In the budget it tabled yesterday, the Government of Quebec allocated approximately $1.3 billion to light rail, which is nearly 25 per cent of the total cost of the project. The Caisse de dépôt et placement du Québec is planning to contribute $2.7 billion, which is 51 per cent of the cost. The federal government's budget, tabled last week, mentions Montreal's metropolitan electric network but doesn't commit any of the funding that Quebecers and their government were hoping for.

Can the Leader of the Government in the Senate tell us at what point in time the federal government plans to announce the funding it will commit to Montreal's light rail project?

[English]

Hon.

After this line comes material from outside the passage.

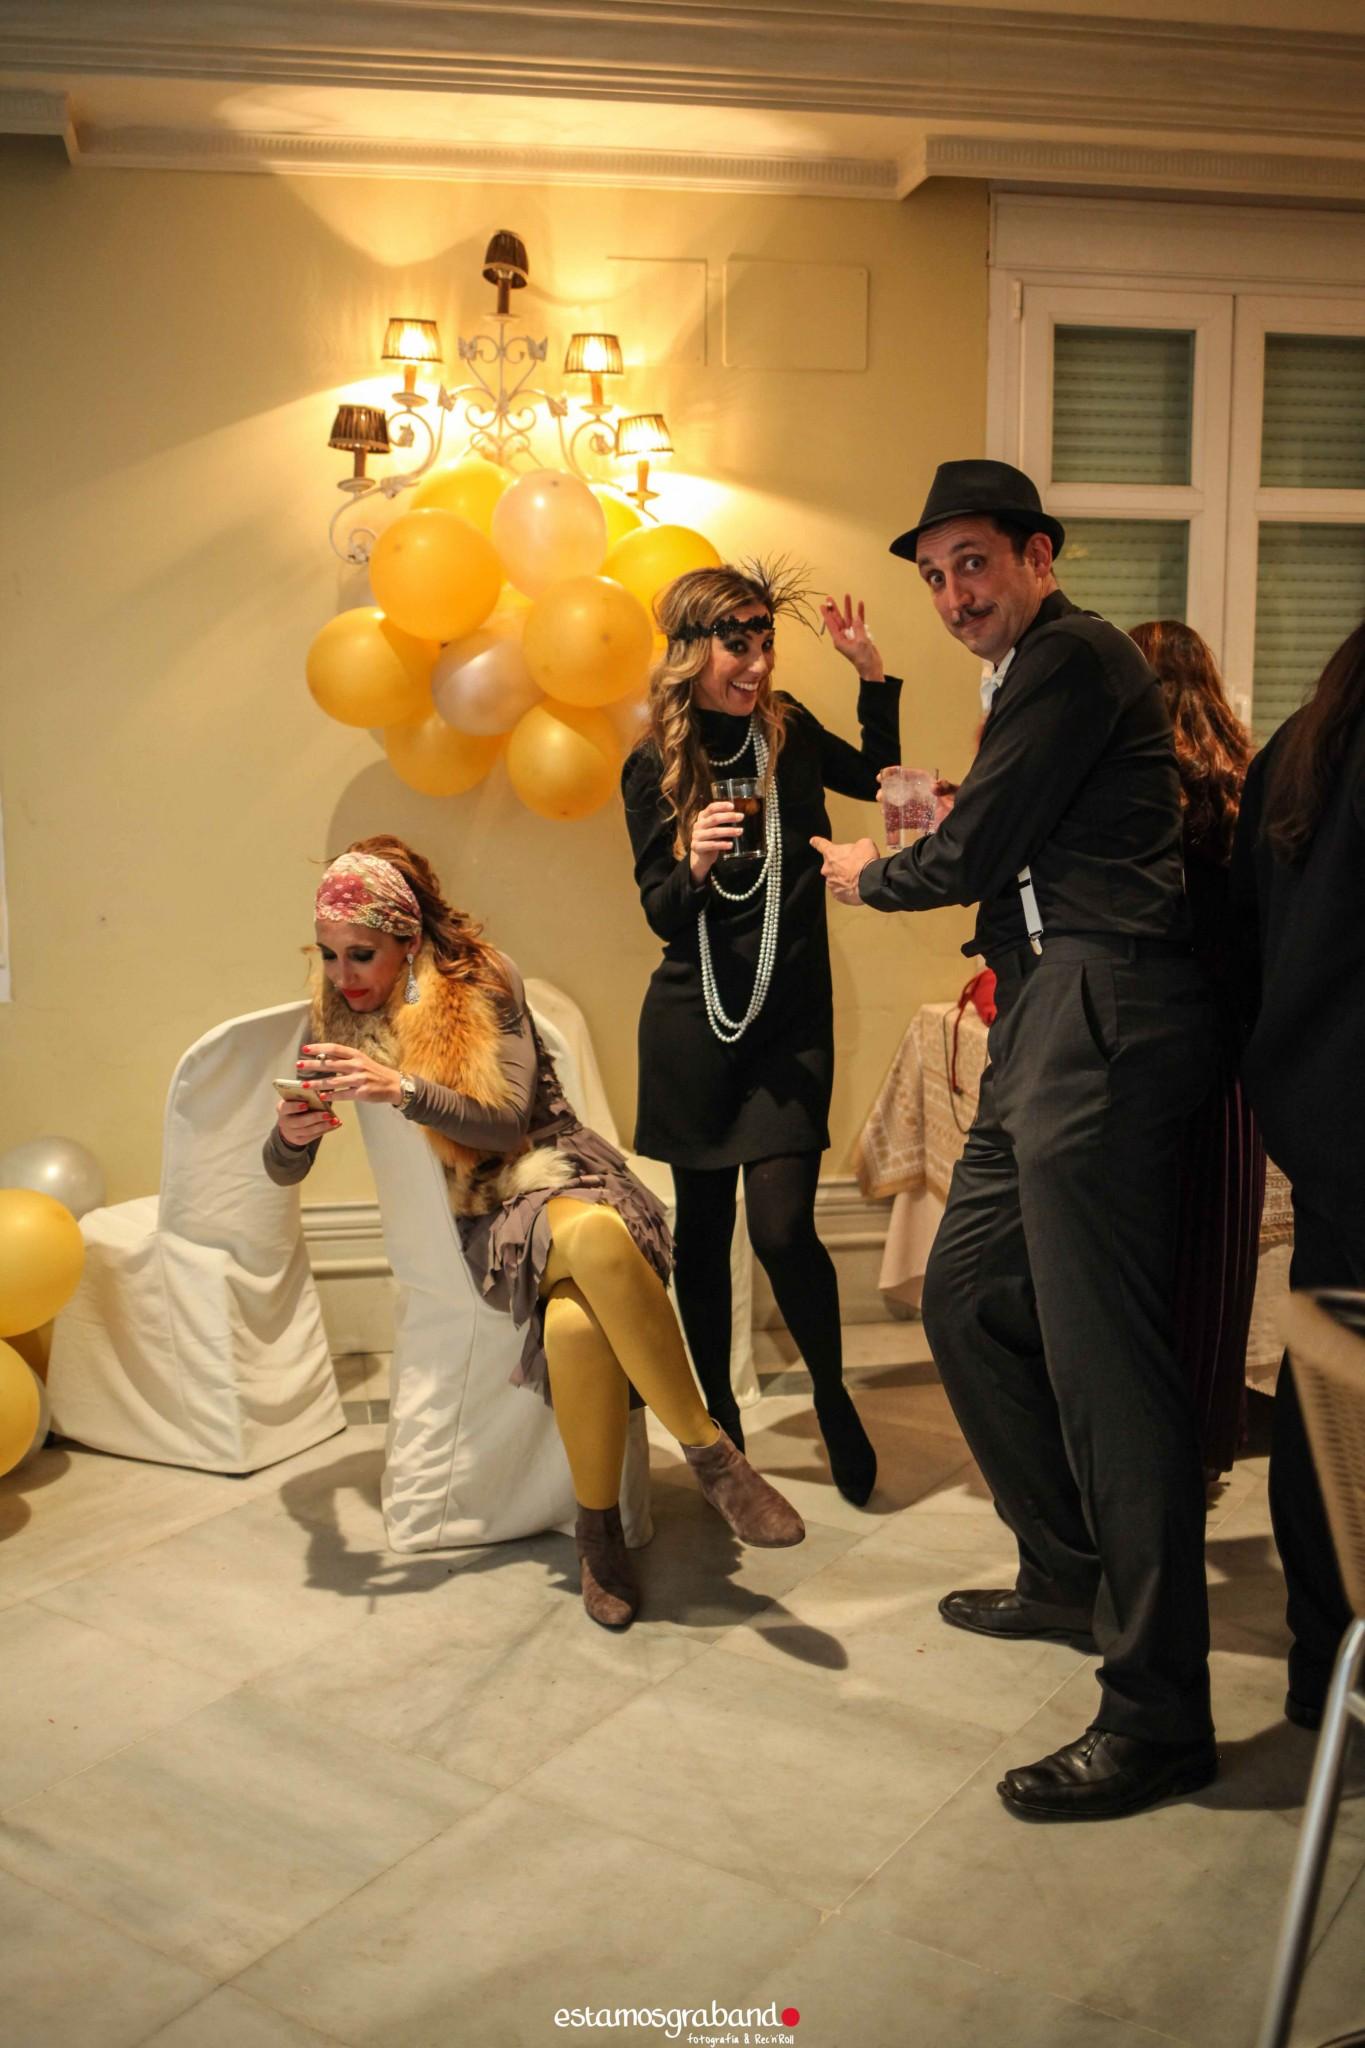 Fali-Bea-74-de-78 Fiesta Años 20 [La Teta de Julieta, Cádiz] - video boda cadiz

Peter Harder (Government Representative in the Senate): I thank the honourable senator for his question, and I have kept saying, "Thank you for your last question." I hope that I can say that as Leader of the Opposition.

With respect to the Montreal light train, the federal government, as you will know, made a clear commitment for public transit funding across the country. As senators will know, it's up to the municipalities and the provinces to choose public transit priorities, and the government is working with our partners in that regard.

The money that is on the table is, as again senators will know from the budget and from statements made, rather significant. I have made inquiries with respect to this specific story and am told that the government is working closely with the Government of Quebec and the CDPQ on the due diligence for this project. The Government of Canada is confident it will be able to meet their required timelines.

[Translation]

Senator Carignan: Will the federal government's contribution match the Province of Quebec's?

[English]

Senator Harder: I would encourage the honourable senator to wait for the announcement.

Justice

Criminal Court Delays—Judicial Appointments

Hon. Denise Batters: Honourable senators, my question is for the Leader of the Government in the Senate.

Senator Harder, earlier this month, in response to a question on court delays, Prime Minister Trudeau said in the House of Commons that his government has made over 100 appointments. When I asked the Minister of Justice to clarify whether he meant 100 appointments government-wide, she said she didn't know what he was talking about and she would get back to our Legal Committee with an answer.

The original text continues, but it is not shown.